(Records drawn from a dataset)
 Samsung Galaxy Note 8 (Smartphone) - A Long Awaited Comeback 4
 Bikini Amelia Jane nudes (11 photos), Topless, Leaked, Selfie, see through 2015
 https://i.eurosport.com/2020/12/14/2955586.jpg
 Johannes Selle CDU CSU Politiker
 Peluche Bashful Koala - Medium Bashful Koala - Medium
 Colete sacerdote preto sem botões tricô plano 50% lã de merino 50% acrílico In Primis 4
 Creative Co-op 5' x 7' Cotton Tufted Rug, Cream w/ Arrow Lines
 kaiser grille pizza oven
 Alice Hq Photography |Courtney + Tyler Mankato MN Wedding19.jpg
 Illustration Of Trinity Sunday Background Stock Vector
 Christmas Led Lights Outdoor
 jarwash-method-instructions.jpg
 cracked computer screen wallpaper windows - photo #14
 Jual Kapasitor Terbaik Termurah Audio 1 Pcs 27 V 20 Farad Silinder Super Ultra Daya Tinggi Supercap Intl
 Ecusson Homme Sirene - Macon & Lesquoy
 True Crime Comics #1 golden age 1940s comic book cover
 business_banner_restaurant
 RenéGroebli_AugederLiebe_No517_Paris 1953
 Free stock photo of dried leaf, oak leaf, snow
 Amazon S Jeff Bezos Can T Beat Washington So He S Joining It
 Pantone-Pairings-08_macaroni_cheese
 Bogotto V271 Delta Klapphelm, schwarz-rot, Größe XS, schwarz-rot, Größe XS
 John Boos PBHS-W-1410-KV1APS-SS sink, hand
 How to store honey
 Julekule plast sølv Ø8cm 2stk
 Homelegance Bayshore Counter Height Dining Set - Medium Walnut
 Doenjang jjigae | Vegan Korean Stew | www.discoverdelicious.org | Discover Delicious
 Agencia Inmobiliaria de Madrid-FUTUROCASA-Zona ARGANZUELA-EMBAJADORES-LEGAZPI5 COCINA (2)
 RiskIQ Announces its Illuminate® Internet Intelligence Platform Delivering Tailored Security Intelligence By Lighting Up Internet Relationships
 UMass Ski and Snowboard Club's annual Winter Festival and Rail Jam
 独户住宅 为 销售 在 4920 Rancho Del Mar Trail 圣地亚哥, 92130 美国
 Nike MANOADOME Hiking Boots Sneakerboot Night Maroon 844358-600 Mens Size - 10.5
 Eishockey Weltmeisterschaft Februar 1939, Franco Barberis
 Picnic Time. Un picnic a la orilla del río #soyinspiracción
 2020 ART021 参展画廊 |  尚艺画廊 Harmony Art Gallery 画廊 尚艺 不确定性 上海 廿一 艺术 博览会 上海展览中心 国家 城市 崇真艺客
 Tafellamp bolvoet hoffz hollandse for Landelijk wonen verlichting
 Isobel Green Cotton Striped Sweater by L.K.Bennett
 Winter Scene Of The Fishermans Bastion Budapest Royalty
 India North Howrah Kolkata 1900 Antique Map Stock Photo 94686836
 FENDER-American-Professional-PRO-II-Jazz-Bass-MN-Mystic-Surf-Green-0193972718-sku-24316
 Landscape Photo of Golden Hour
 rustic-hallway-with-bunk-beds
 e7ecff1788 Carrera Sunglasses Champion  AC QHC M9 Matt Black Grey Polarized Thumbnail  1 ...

» TASK STATEMENT:
Your reply should hold every line from the data that contains "Winter", copied in full.

» REPLY TO THE TASK:
 UMass Ski and Snowboard Club's annual Winter Festival and Rail Jam
 Winter Scene Of The Fishermans Bastion Budapest Royalty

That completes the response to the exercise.